Katherine Mansfield, Author
Kathleen Mansfield Beauchamp Murry (14 October 1888 – 9 January 1923) was a prominent modernist writer of short fiction who was born and brought up in colonial New Zealand and wrote under the pen name of Katherine Mansfield.
Mansfield left for Great Britain in 1908 where she encountered ModernistWriters such as D.H. Lawrence and Virginia Woolf with whom she became close friends. Her stories often focus on moments of disruption and frequently open rather abruptly.
Katherine Mansfield stares out of her photographs with a direct gaze that challenges the observer. Courageous, contradictory, self-willed, single-minded, argumentative, elusive, in both her life and her work, she has always defied the attempts of posterity to pin down the qualities that fascinated her contemporaries.

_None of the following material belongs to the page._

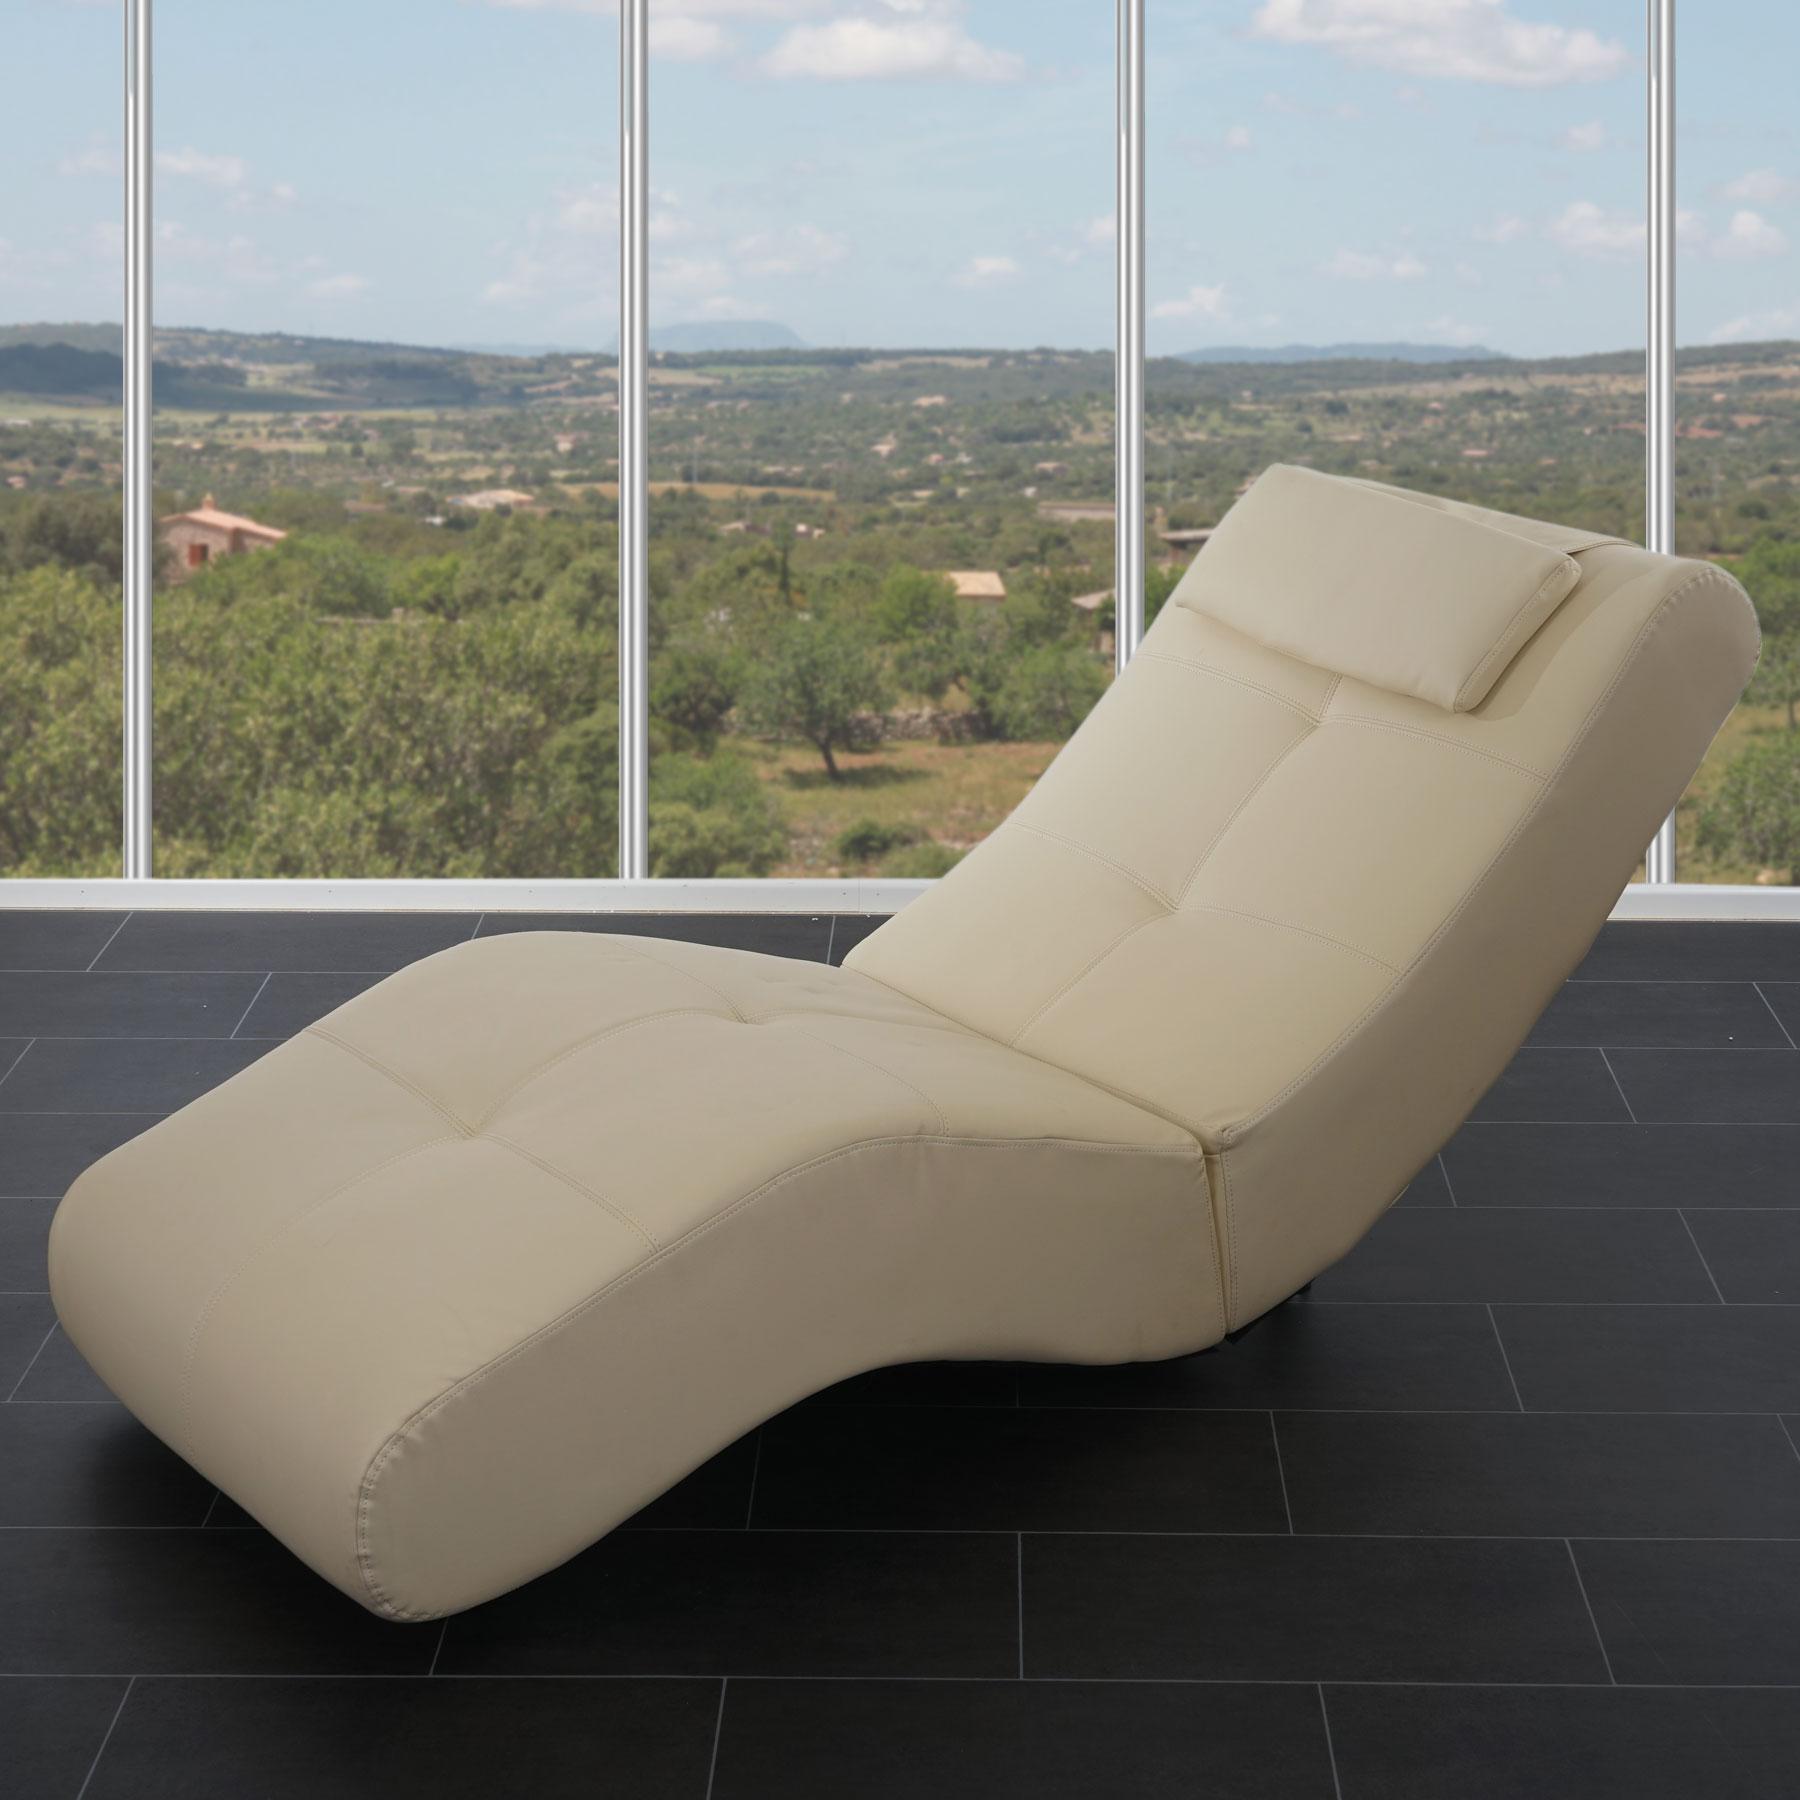 Design chaiselounge poltrona relax livorno ii ecopelle for Poltrona relax design

Among her most well known stories are "The Garden Party," "The Daughters of the Late Colonel," and "The Fly." Katherine Mansfield is widely considered one of the best short story writers of her period. A number of her works, including "Miss Brill", "Prelude", "The Garden Party", "The Doll's House", and later works such as "The Fly", are frequently collected in short story anthologies.
During the First World War Mansfield contracted extra pulmonary tuberculosis which rendered any return or visit to New Zealand impossible and led to her death at the age of 34.
Mansfield also proved ahead of her time in her adoration of Russian playwright and short story writer Anton Chekov and incorporated some of his themes and techniques into her writing.